Тео пожевал нижнюю губу. Перевести «Хореш» как «Джордж»? Постучав пальцем по клавише обратного хода, он стер пять букв и набрал вместо них «Джордж». Затем стер «Джордж» и ввел «Хореш». В правом нижнем углу экрана значилось время — 1:27. Холодная постель ожидала его, в желудке покоилось полфунта инкрустированной салями, промаринованной в «Пепси» «моцареллы», а Мередит, надо полагать, обвивала сейчас ногами шею фотографа дикой природы.

Ты спрашиваешь, каково истинное имя Фаддея. Фаддей, когда я спросил его об этом, ответил, что имя его Фаддей. И потому я должен сказать тебе, что его имя Фаддей.

— Чтоб ты сдох! — горестно возопил Тео и отправился спать.
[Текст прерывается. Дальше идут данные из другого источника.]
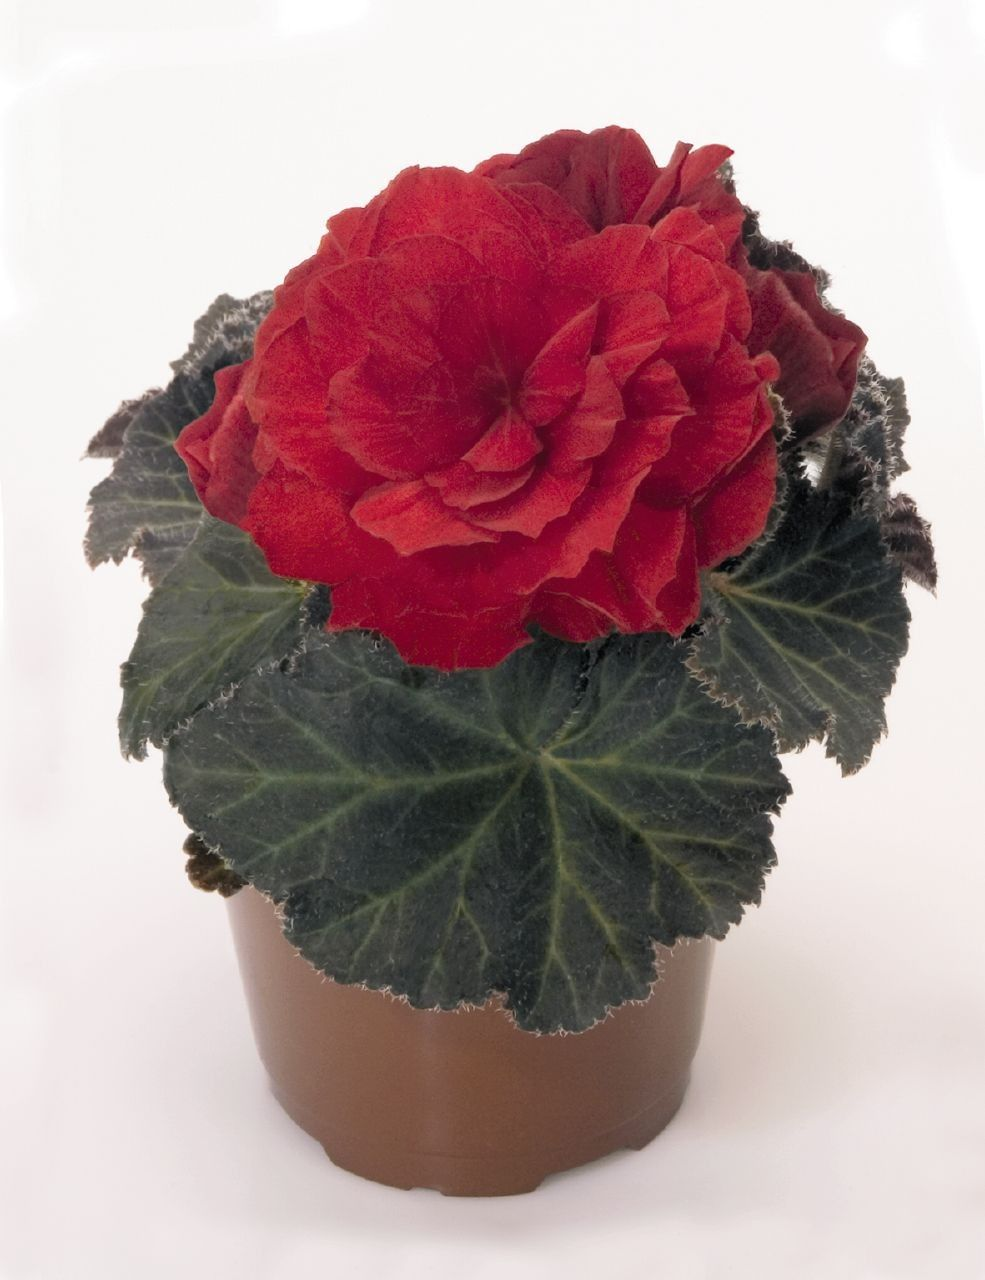 Begonia tuberhybrida 'Nonstop Mocca Scarlet' G-9

На следующее утро он, со слезящимися глазами, в очках, слегка запотевших от горячего кофе, перевел следующие строки:

Однако, говоря со всем благоразумием, в кругу достойных доверия друзей, не будет, думаю я, предательством сказать, что если бы ты задал этот вопрос не мне, а матери Фаддея, она ответила бы тебе, что имя ему — Иуда.

Ибо под таким именем был он известен, пока деяния другого Иуды, Предателя, не покрыли это имя позором. Более того, если случится тебе когда-нибудь повстречаться с самим Иудой, инако Фаддеем, а такая удача может выпасть тебе, ибо он отправился странствовать, дабы преданно свидетельствовать о славе Спасителя нашего, советую обращаться к нему, как к Фаддею, а другого имении ни в коем случае не произносить. Ибо оно сильно его уязвляет.

И я хорошо его понимаю. Ведь я знал обоих Иуд и даже был в храме Каиафы, когда Иуда-Предатель получал свою мзду. И мне так же горько, как Фаддею, смотреть сейчас на Иуду, разжиревшего с этих денег и обленившегося.

Однако самым горестным для меня стало знание, что я стоял рядом с ним в самую ту минуту, когда совершался сговор о предательстве Спасителя нашего, и никакой беды не ощущал. А ощущал я лишь уязвление завистью к размеру суммы, которая представлялась мне непомерно большой платой за услугу, им оказанную.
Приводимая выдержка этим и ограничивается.